Work item: Nothing but the lines below from the one holding "Clixo Grab & Go Magnetic Toy for Kids" up to and including the one holding "Bald Eagle Bookends" should be copied, exactly and without pictures.
───── Recorded information ─────
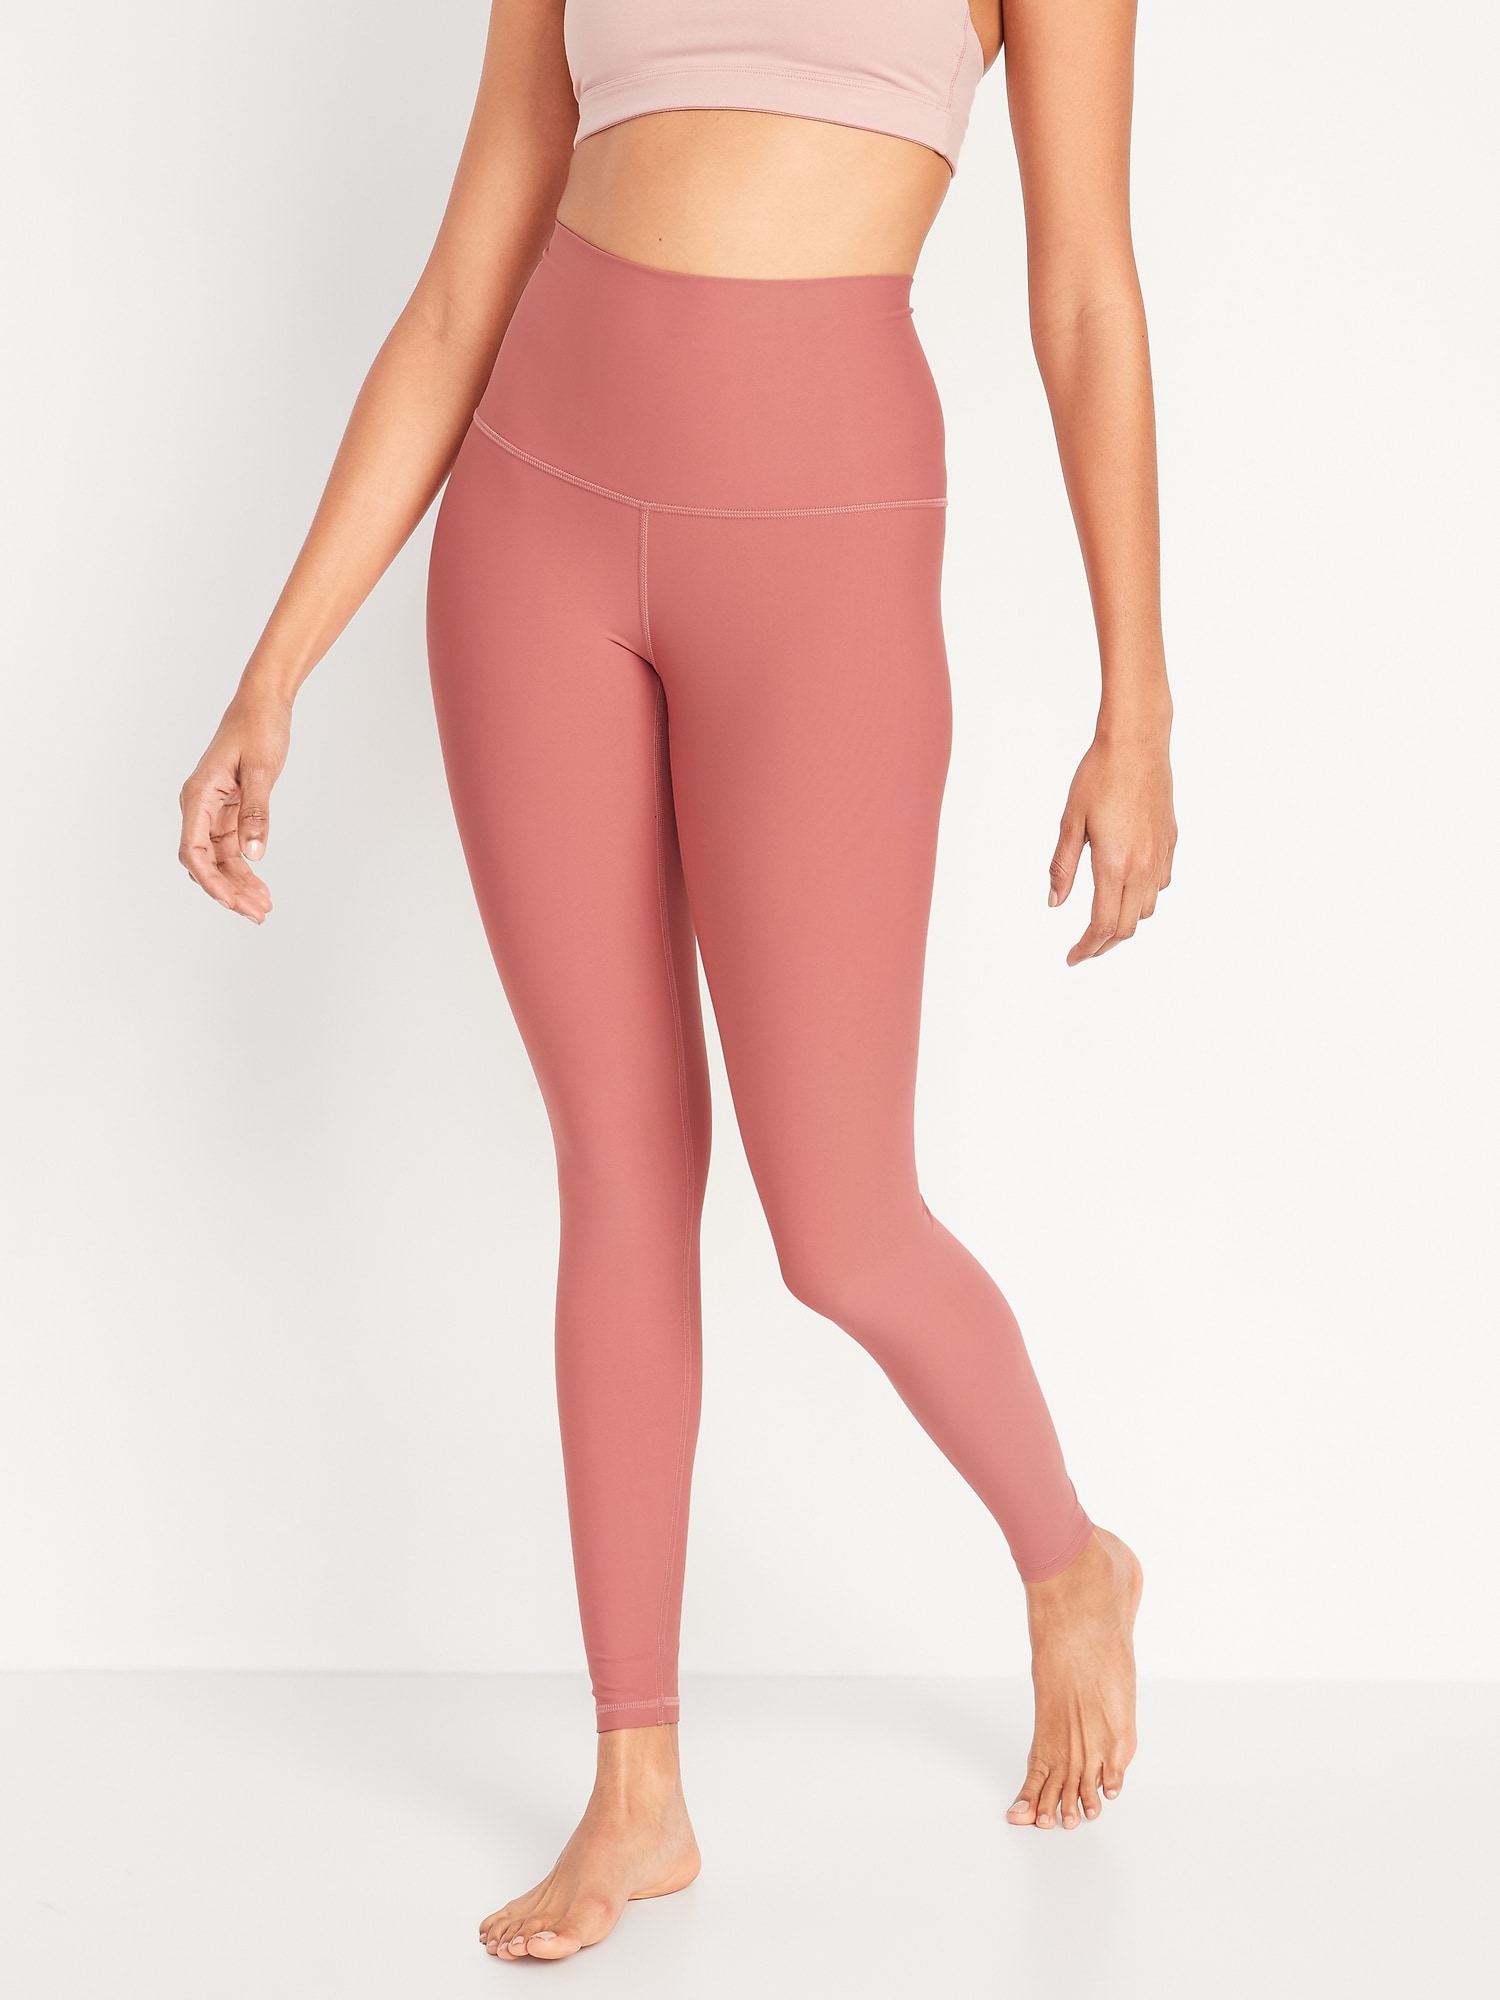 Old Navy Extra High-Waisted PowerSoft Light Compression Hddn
─────
───── Recorded information ─────
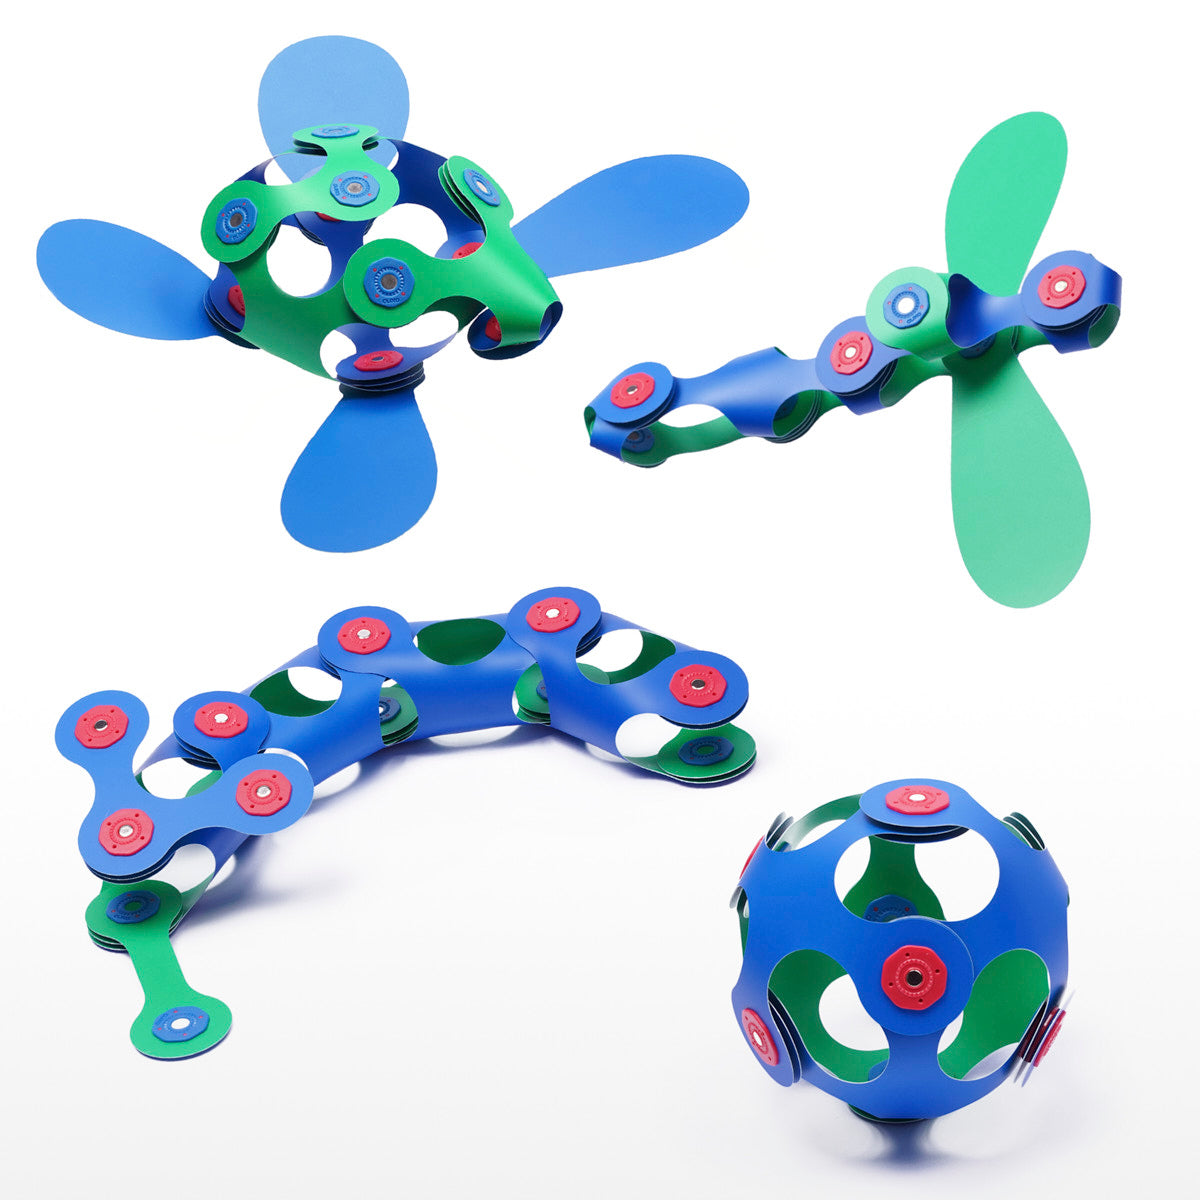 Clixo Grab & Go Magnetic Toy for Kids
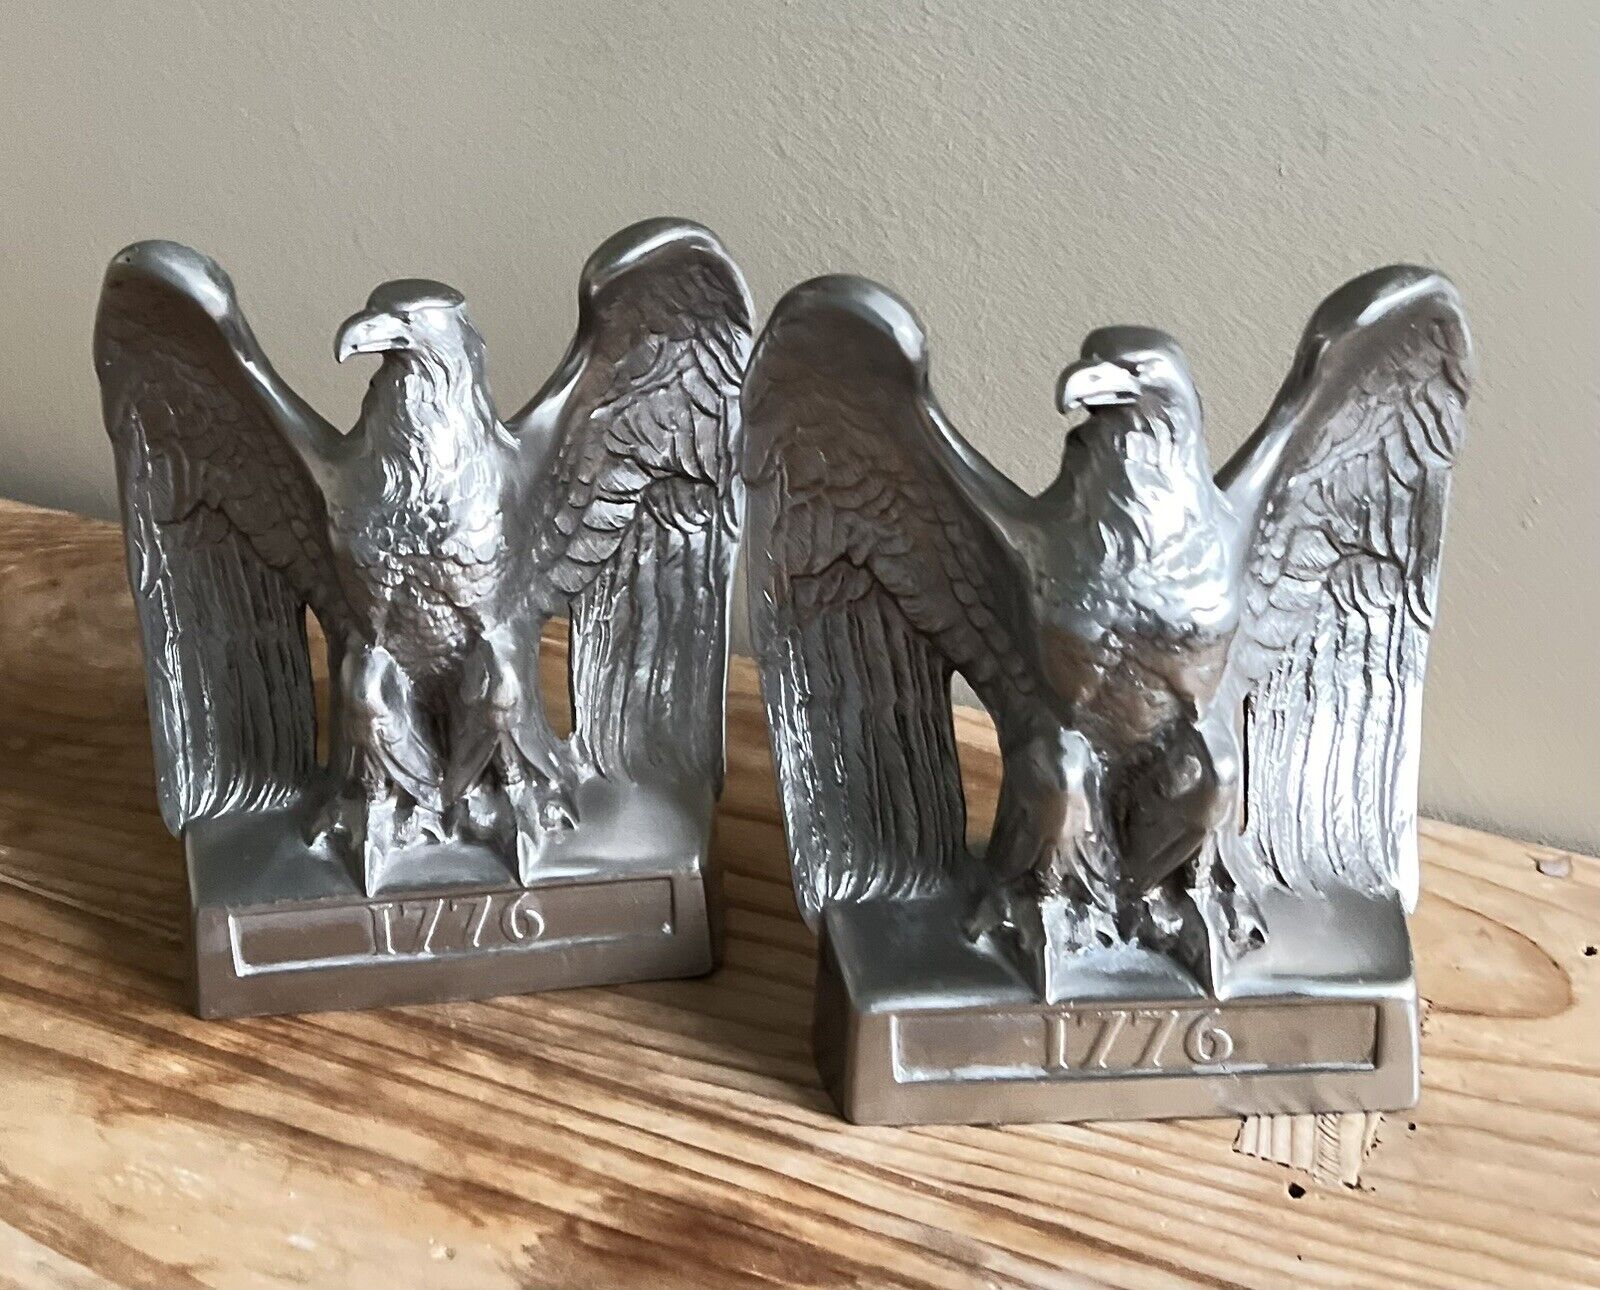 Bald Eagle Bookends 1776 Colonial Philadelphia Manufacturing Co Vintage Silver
─────
Exercise solution:
 Clixo Grab & Go Magnetic Toy for Kids
 Bald Eagle Bookends 1776 Colonial Philadelphia Manufacturing Co Vintage Silver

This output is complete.